I don't see it's different there as far is it goes for popping items from lvm cache dict outside of locks.

Comment 2 Nir Soffer 2020-07-12 11:32:36 UTC
(In reply to Amit Bawer from comment #1)
> Would we need 4.3 clone for this ticket (GA?) ?
> I don't see it's different there as far is it goes for popping items from
> lvm cache dict outside of locks.

Same issue exists in 4.3 of course. We can clone the bug and if we get acks
we can backport the fixes.

Comment 3 Amit Bawer 2020-07-12 13:47:08 UTC
Fixes should be part of build 4.40.23 when available

Comment 5 Amit Bawer 2020-07-13 10:23:57 UTC
we want to add more fixes under this ticket, so moving back to NEW

Comment 6 Amit Bawer 2020-07-14 06:50:41 UTC
Can it go back to MODIFIED now?

Comment 7 David Vaanunu 2020-08-24 11:58:43 UTC
While the system was upgrade to 4.4.2



2020-08-23 10:18:32,001-0400 WARN  (MainThread) [storage.HSM] Failed to stop RepoStats thread (hsm:3432)
Traceback (most recent call last):
  File "/usr/lib/python3.6/site-packages/vdsm/storage/hsm.py", line 3429, in prepareForShutdown
    self.domainMonitor.shutdown()
  File "/usr/lib/python3.6/site-packages/vdsm/storage/monitor.py", line 254, in shutdown
    self._stopMonitors(self._monitors.values(), shutdown=True)
  File "/usr/lib/python3.6/site-packages/vdsm/storage/monitor.py", line 273, in _stopMonitors
    for monitor in monitors:
RuntimeError: dictionary changed size during iteration

Comment 8 Sandro Bonazzola 2020-08-28 12:20:22 UTC
Since this bug has been marked as fixed in version 4.40.27 by assignee and latest version included in oVirt 4.4.2 is 4.40.26 I'm moving this bug to 4.4.3.

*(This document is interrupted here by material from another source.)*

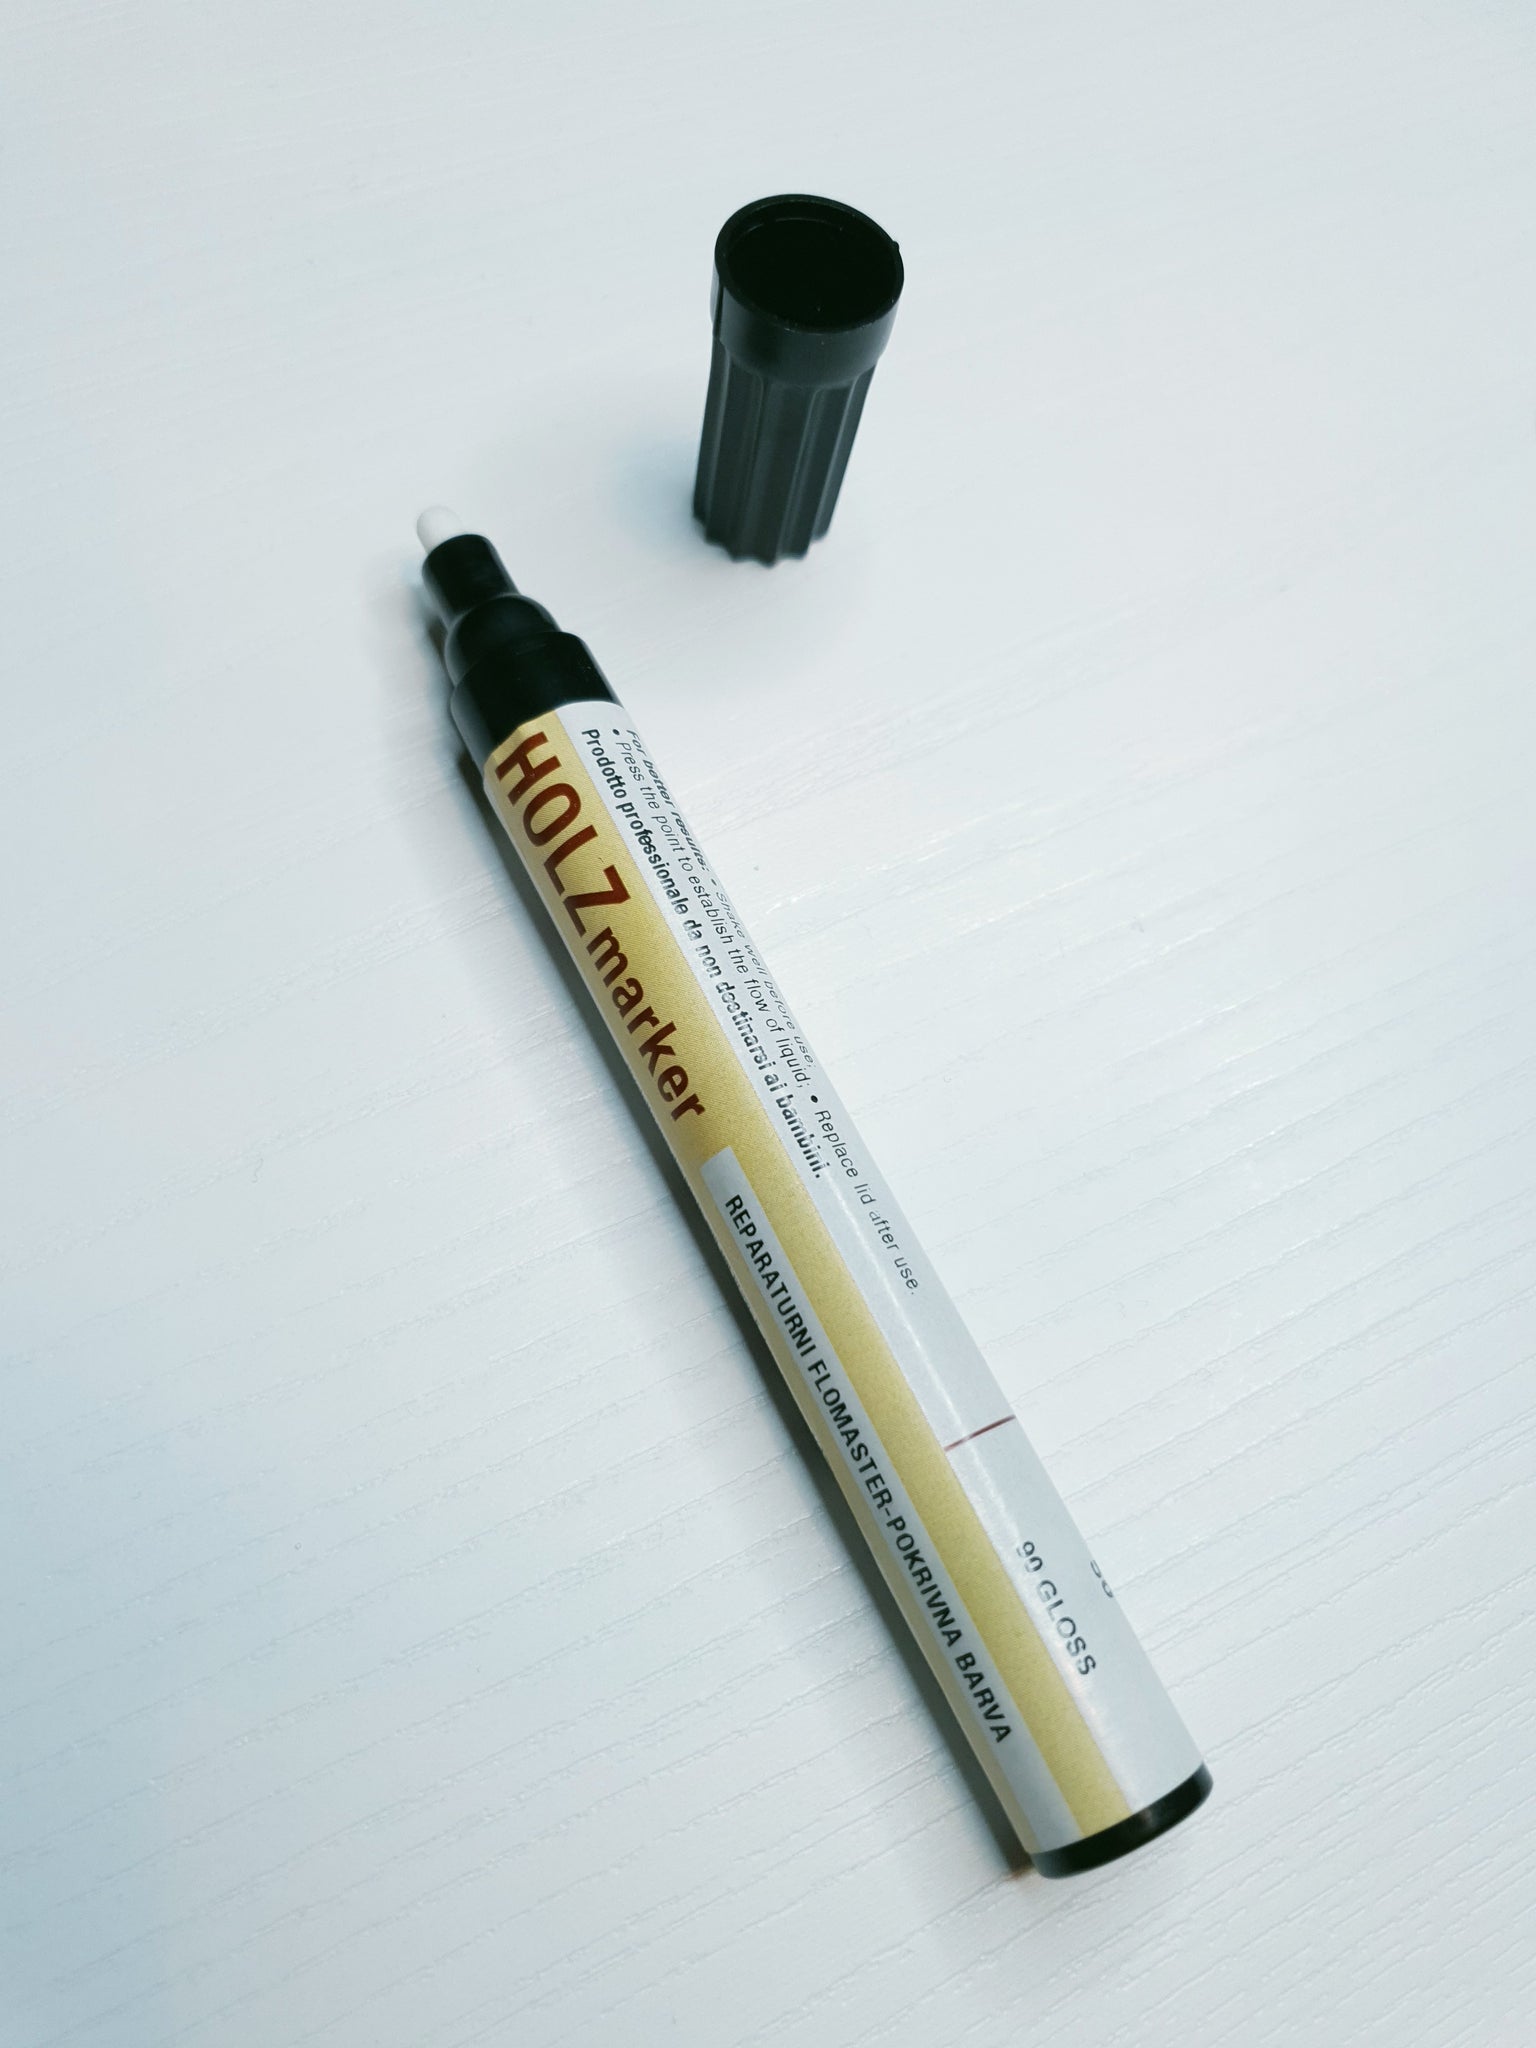 matte black marker pen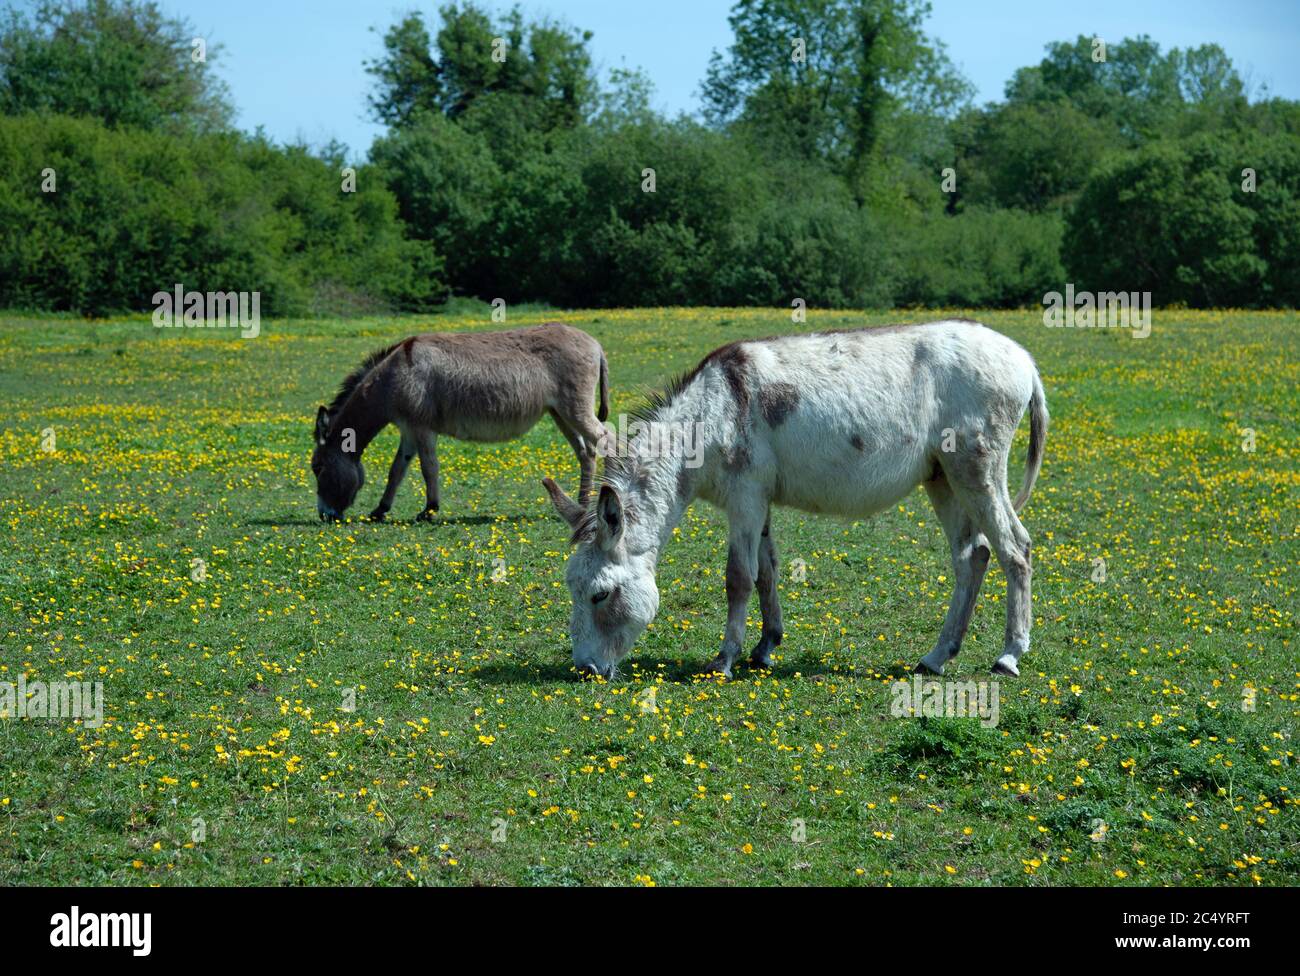 Donkeys on the field Stock Photo

Comment 9 David Vaanunu 2020-10-04 11:08:46 UTC
verified version:

redhat-release-8.3-1.0
rhv-release-4.4.3-5-001
vdsm-4.40.30-1



Tested scenarios:
VM snapshot with 13 Disks
50 Users VM snapshot

No Error "RuntimeError: dictionary changed size during iteration" during exection

Comment 10 Sandro Bonazzola 2020-11-11 06:39:48 UTC
This bugzilla is included in oVirt 4.4.3 release, published on November 10th 2020.

Since the problem described in this bug report should be resolved in oVirt 4.4.3 release, it has been closed with a resolution of CURRENT RELEASE.

If the solution does not work for you, please open a new bug report.